Categories must have 3+ functions to warrant duplicate analysis.

Phase 3: Split Into Category Files

bash

# Create file per category for focused analysis
for category in validation formatting api; do
  grep -f "${category}_funcs.txt" functions.txt > "${category}_analysis.txt"
done

Phase 4: Detect Duplicates (Use Opus)

For each category with 3+ functions, use Opus for precise semantic analysis.

code

Prompt for Opus:
"Analyze these functions for semantic duplication. Two functions are
duplicates if they:
1. Accomplish the same goal (even with different approaches)
2. Could be consolidated without loss of functionality
3. Differ only in naming, error handling style, or minor implementation

For each duplicate pair, explain:
- What both functions do
- How they differ
- Which to keep and why
- Migration path for callers

Output format:
DUPLICATE_SET_1:
  - functionA (file:line)
  - functionB (file:line)
  INTENT: [what they both do]
  KEEP: [which one and why]
  MIGRATE: [how to update callers]"

Phase 5: Generate Consolidation Report

markdown

# Duplicate Function Report

## Summary
- Functions analyzed: X
- Duplicate sets found: Y
- Estimated lines removable: Z

## High-Confidence Duplicates
[Sets where consolidation is straightforward]

## Needs Review
[Sets where the right choice isn't obvious]

## Recommended Actions
1. [Specific consolidation steps]
2. [Test coverage requirements]

Model Selection Guide

Phase	Model	Reason
Categorize	Haiku	Cost-effective, classification is simple
Detect	Opus	Precision needed for subtle semantic matches
Report	Sonnet	Structured output, moderate complexity

Critical: Haiku is cost-effective for categorization but misses subtle semantic duplicates.

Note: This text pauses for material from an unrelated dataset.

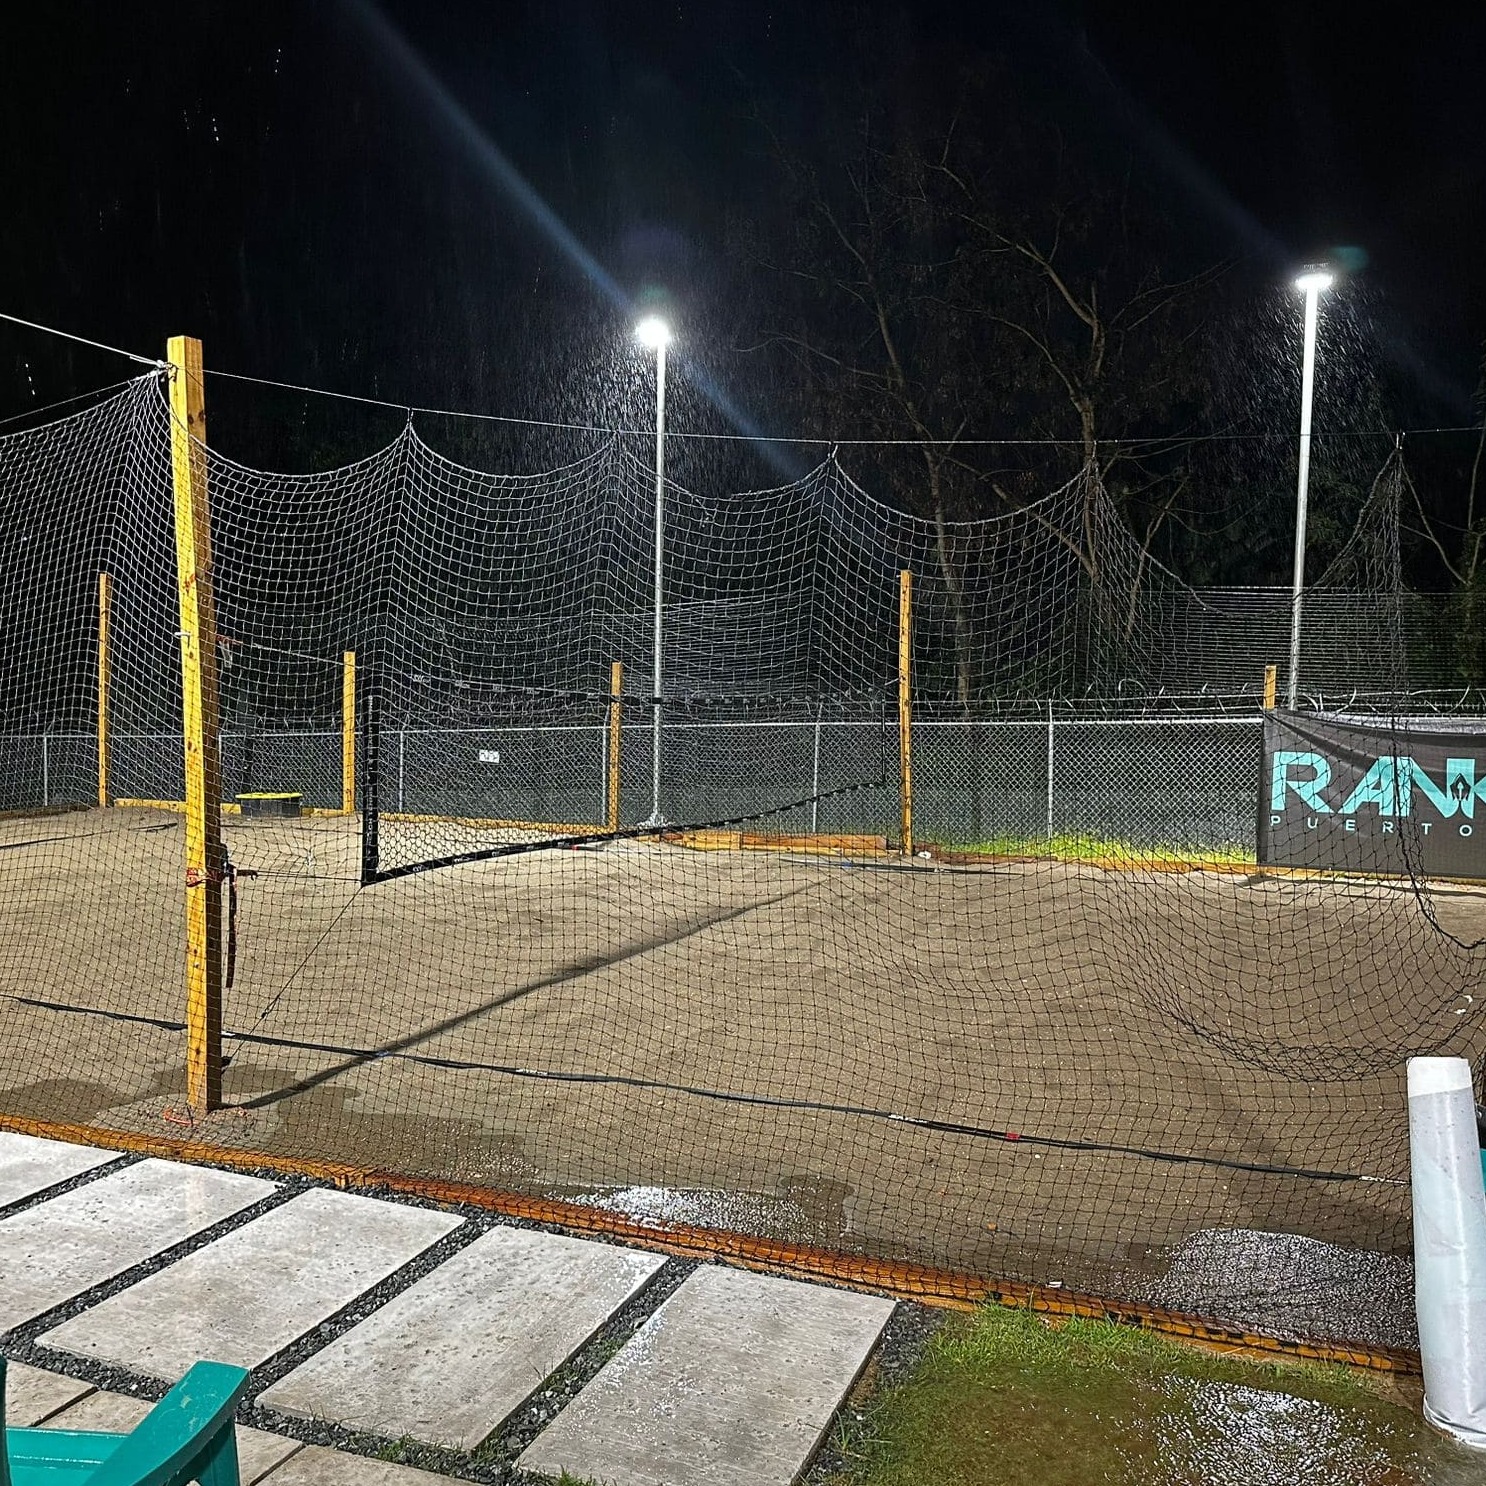 The Difference Between LED Floodlights And Traditional Floodlights

Always use Opus for the actual detection phase.

Common Duplicate Patterns

Pattern 1: Renamed Duplicates

javascript

// These do the same thing
function validateEmail(email) { ... }
function isValidEmailAddress(addr) { ... }
function checkEmailFormat(input) { ... }

Pattern 2: Implementation Variants

javascript

// Same intent, different approach
function formatDate(d) { return d.toISOString().split('T')[0]; }
function dateToString(date) { return `${date.getFullYear()}-${...}`; }

Pattern 3: Scope Duplicates

javascript

// Utilities duplicated in multiple modules
// utils/string.js
function capitalize(s) { ... }

// components/helpers.js
function capitalizeFirst(str) { ... }

Consolidation Checklist

Before removing duplicates:

code

□ Both functions have test coverage
□ All callers identified (grep for function names)
□ Edge case behavior matches (or is documented)
□ Error handling is consistent
□ Performance is acceptable
□ Types/signatures are compatible
□ Migration path documented

Common Mistakes

Mistake	Consequence	Prevention
Skip categorization	Overwhelming analysis	Always group first
Use Haiku for detection	Miss subtle duplicates	Use Opus for detection
Consolidate without tests	Introduce regressions	Require test coverage
Extract internal helpers	False positives	Filter private functions
Ignore error handling differences	Runtime failures	Document edge cases

Automation Script Template

bash

#!/bin/bash
# find-duplicates.sh

PROJECT_DIR="${1:-.}"
OUTPUT_DIR="./duplicate-analysis"

mkdir -p "$OUTPUT_DIR"

# Phase 1: Extract
echo "Extracting function signatures..."
grep -rn "export function\|export const.*=>.*{" "$PROJECT_DIR/src" \
  | grep -v node_modules \
  | grep -v "\.test\." \
  > "$OUTPUT_DIR/functions.txt"

echo "Found $(wc -l < "$OUTPUT_DIR/functions.txt") functions"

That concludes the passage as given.